Добавить в цитаты Настройки чтения

Страница 26 из 117



Время не переспоришь. Оно работает неостановимо, и с сотворения мира у него только одно занятие: разоблачение. Только оно полновластный хозяин этого мира, и поэтому, когда расставляет все по местам, то остается признать: по  с в о и м  местам. От хаоса — к ясности. Так оно всегда и работает. Через разоблачение. Через проявление в мягкой, теплой водичке каждодневных сутолок переводной картинки десятилетий. И недаром сгинули Карданов, Ростовцев, координаторы. Переводная картинка, вынутая из ванночки смутных времен, ясно показала: будущее за такими, как она, Катя.
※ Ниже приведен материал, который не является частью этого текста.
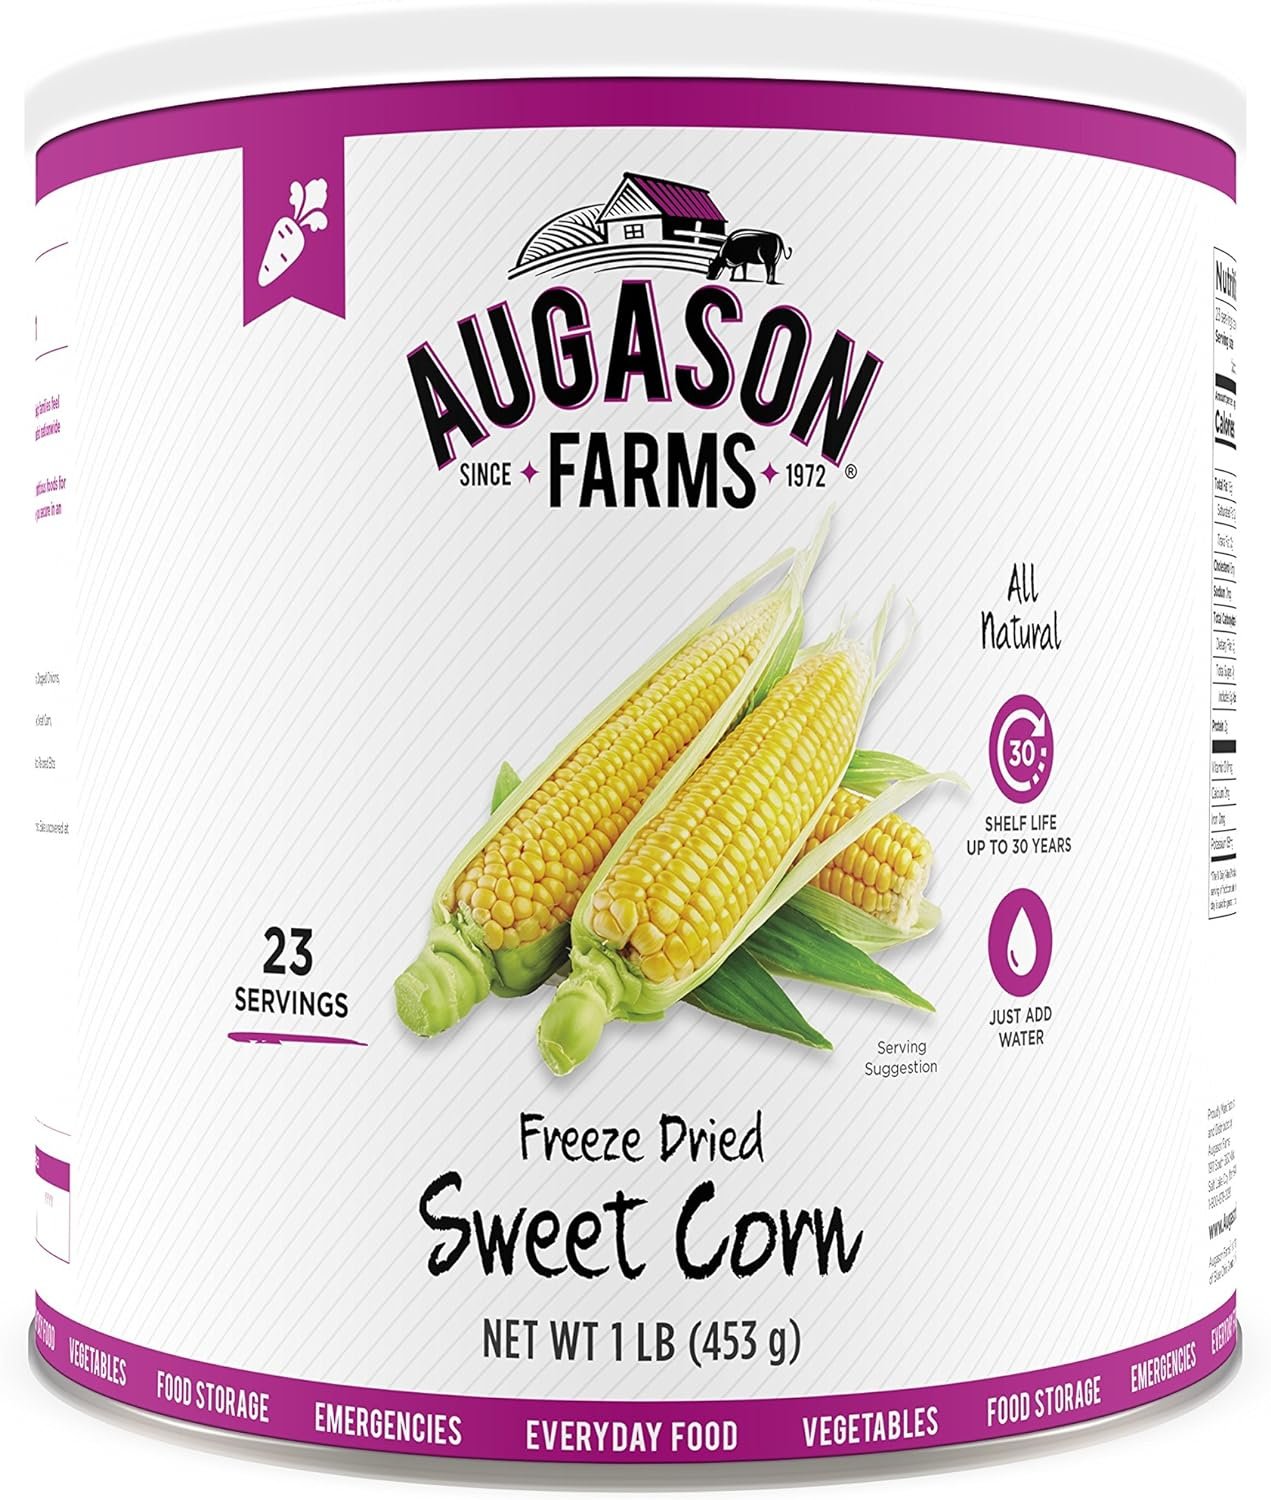 Augason Farms Freeze Dried Sweet Corn Review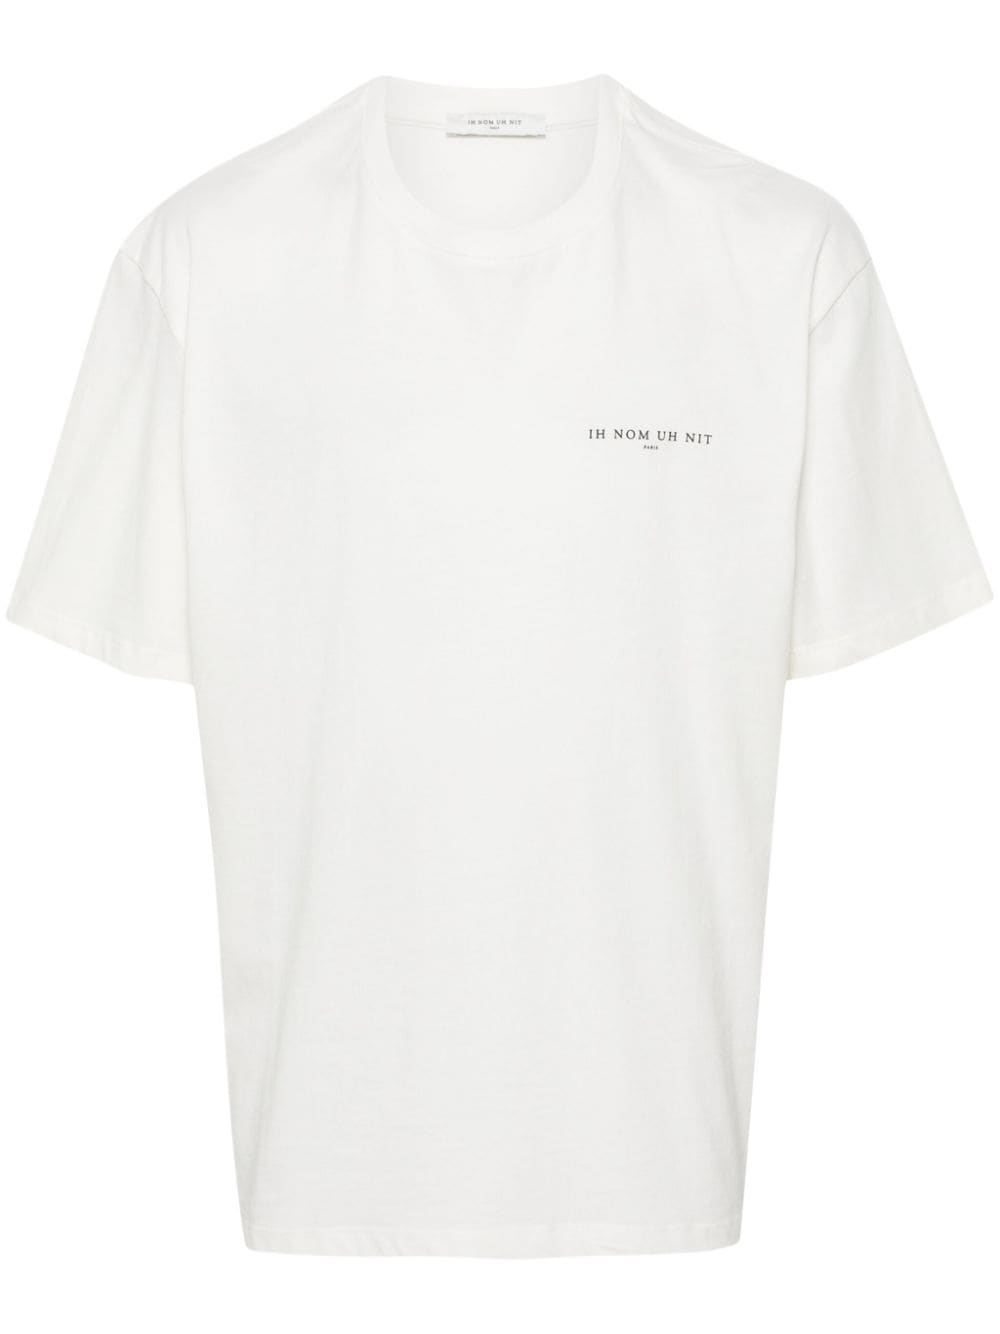 White T-shirt with logo writing

Отец прав в одном: порядок нужен. Но порядок сложный, который выдержать и управлять которым дано только людям сложным, однако четко организованным. Не боящимся непрерывных усилий и стоэтажных формул, не рассчитывающим взять нахрапом, с кондачка, не впадающим в истерику. К простому порядку возврата не будет. Время разоблачило и выхолостило его, сделало бессильным. Как отца. Здесь ничего не поделаешь, бесись — не бесись. Хоть в трубы иерихонские труби — эти стены не падут. Эти небоскребы растут только вверх, и даже стекла в них не дребезжат. И если у тебя не слишком обрывается сердце от скоростных лифтов, ты внутри. Внутри и вверху, куда не доносятся наивные и яростные звуки трубачей, оставшихся снаружи. Рыцарей простого порядка. Бескомпромиссных борцов, дико негодующих, потому как сражаться с ними никто не желает.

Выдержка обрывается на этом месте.